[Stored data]
== Segment start ==
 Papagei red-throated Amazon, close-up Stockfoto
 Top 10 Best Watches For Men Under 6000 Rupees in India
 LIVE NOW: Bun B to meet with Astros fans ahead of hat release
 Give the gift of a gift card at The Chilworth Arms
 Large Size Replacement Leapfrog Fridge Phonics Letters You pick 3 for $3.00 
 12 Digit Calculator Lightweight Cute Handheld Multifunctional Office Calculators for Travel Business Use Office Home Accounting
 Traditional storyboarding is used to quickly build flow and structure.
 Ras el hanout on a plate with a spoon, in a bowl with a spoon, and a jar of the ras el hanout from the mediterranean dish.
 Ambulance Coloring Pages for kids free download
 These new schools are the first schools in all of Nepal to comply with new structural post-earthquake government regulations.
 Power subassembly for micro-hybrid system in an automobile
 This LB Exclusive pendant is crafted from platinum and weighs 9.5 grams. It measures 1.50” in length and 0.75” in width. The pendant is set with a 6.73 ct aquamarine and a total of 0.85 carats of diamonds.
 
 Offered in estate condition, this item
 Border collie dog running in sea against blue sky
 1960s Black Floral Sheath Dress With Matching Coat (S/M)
== Segment end ==
• **Requirement**:
Lines from the beginning of the data above through the line containing "Ras el hanout on" are to be returned exactly, and no others.

• **Result of this exercise**:
 Papagei red-throated Amazon, close-up Stockfoto
 Top 10 Best Watches For Men Under 6000 Rupees in India
 LIVE NOW: Bun B to meet with Astros fans ahead of hat release
 Give the gift of a gift card at The Chilworth Arms
 Large Size Replacement Leapfrog Fridge Phonics Letters You pick 3 for $3.00 
 12 Digit Calculator Lightweight Cute Handheld Multifunctional Office Calculators for Travel Business Use Office Home Accounting
 Traditional storyboarding is used to quickly build flow and structure.
 Ras el hanout on a plate with a spoon, in a bowl with a spoon, and a jar of the ras el hanout from the mediterranean dish.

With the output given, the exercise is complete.